TASK PROMPT ▸ Reproduce the listing below in full and without alteration, apart from its pictures.

DATASET CONTENT ▸
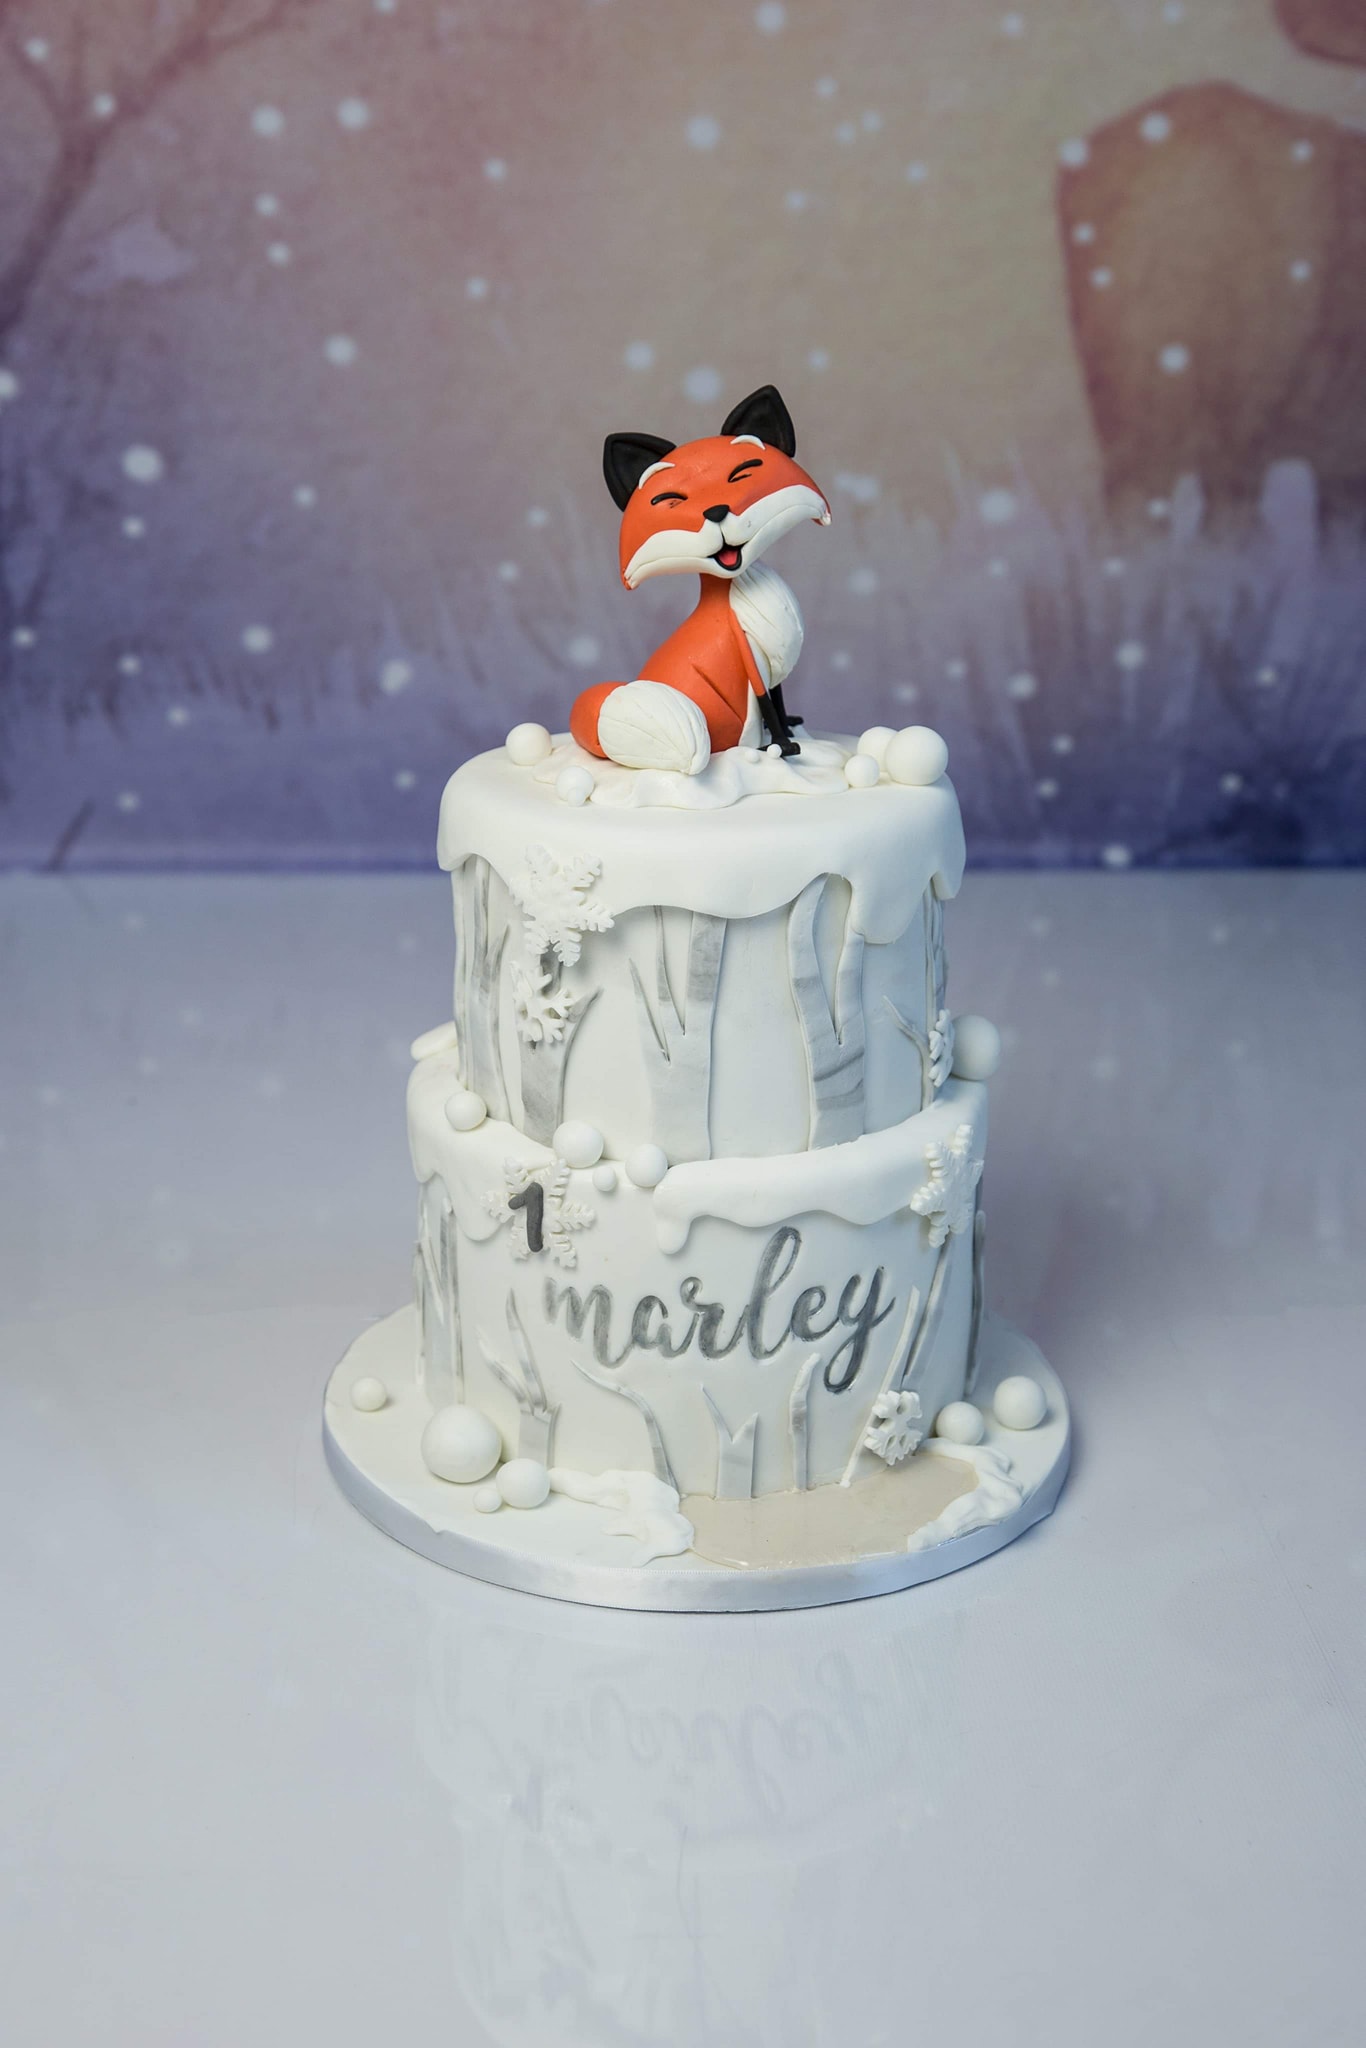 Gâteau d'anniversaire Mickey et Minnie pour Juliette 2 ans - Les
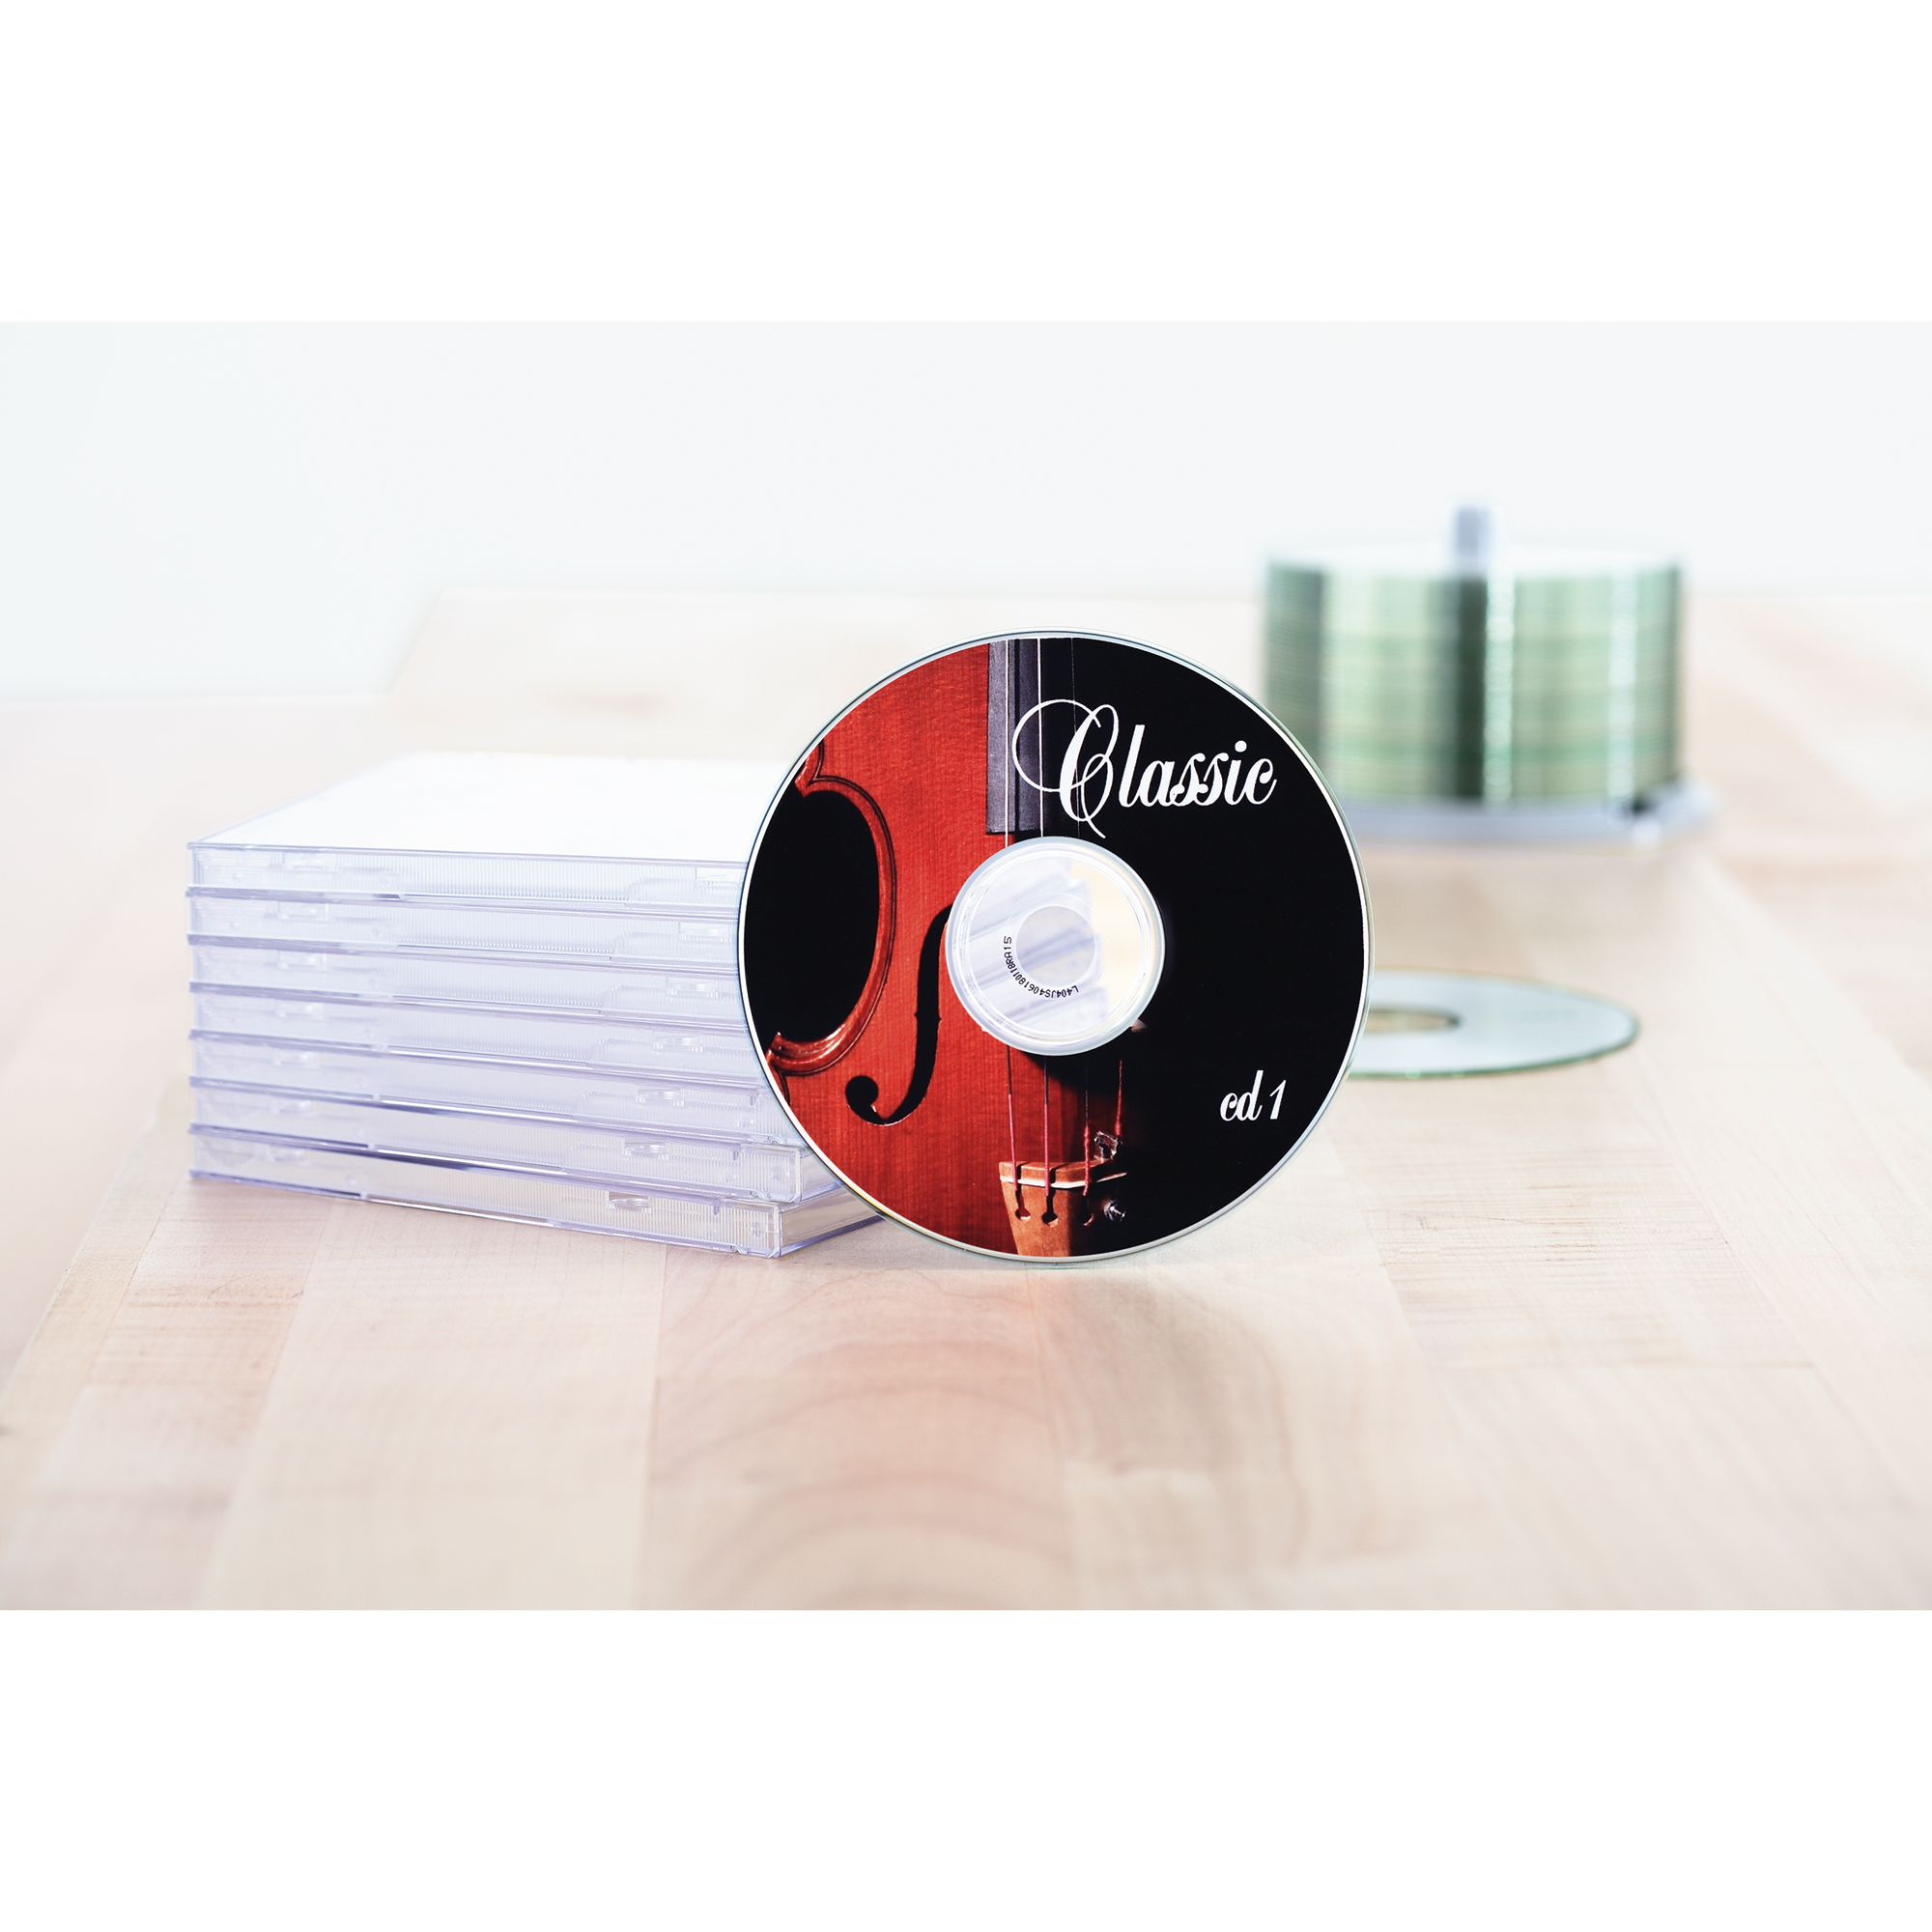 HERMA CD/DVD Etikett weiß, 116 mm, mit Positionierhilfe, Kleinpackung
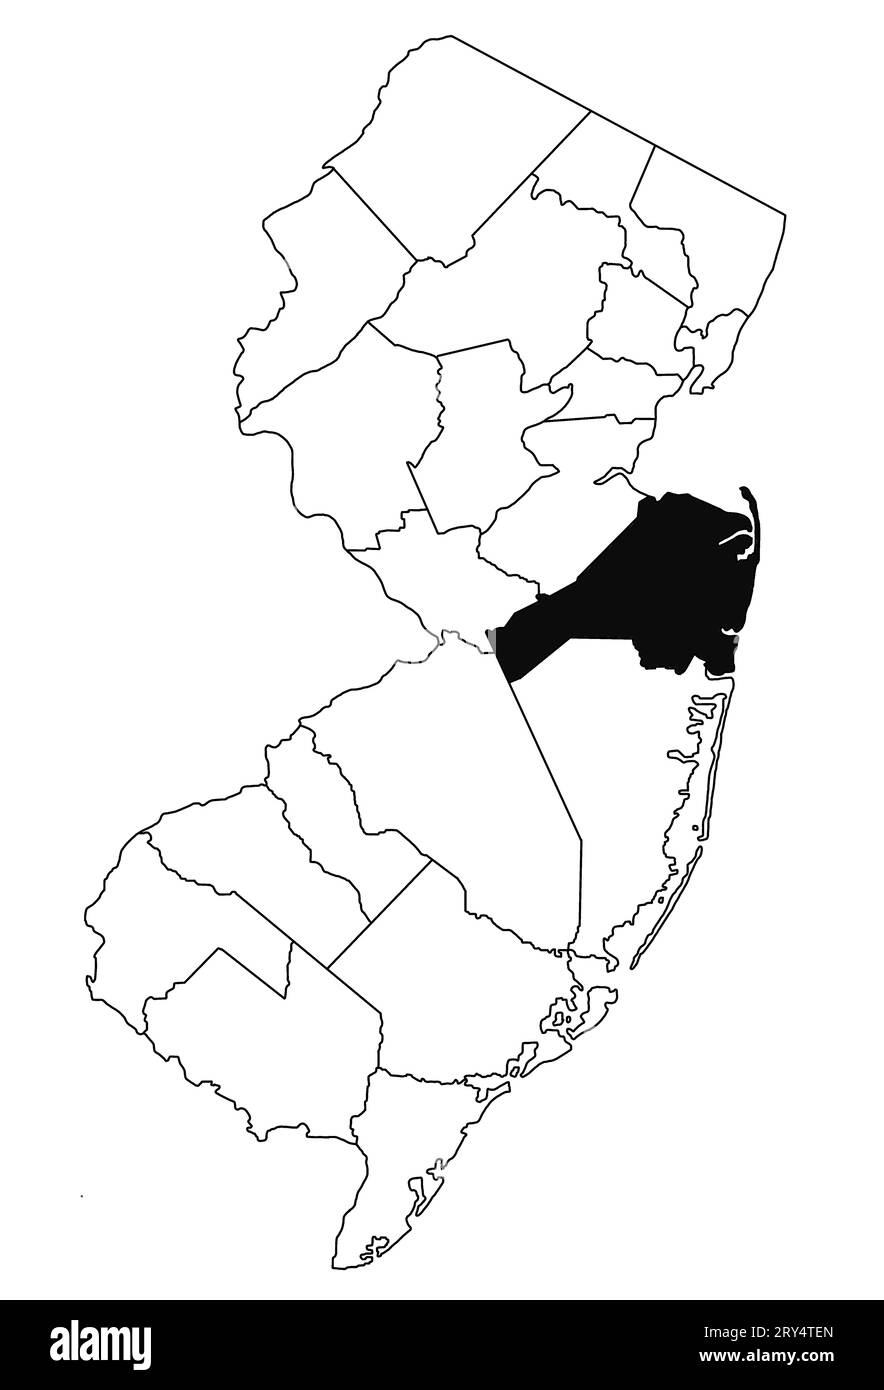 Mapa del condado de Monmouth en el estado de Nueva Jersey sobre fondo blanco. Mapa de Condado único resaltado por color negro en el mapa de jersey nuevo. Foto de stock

WRITTEN ANSWER ▸
 Gâteau d'anniversaire Mickey et Minnie pour Juliette 2 ans - Les
 HERMA CD/DVD Etikett weiß, 116 mm, mit Positionierhilfe, Kleinpackung
 Mapa del condado de Monmouth en el estado de Nueva Jersey sobre fondo blanco. Mapa de Condado único resaltado por color negro en el mapa de jersey nuevo. Foto de stock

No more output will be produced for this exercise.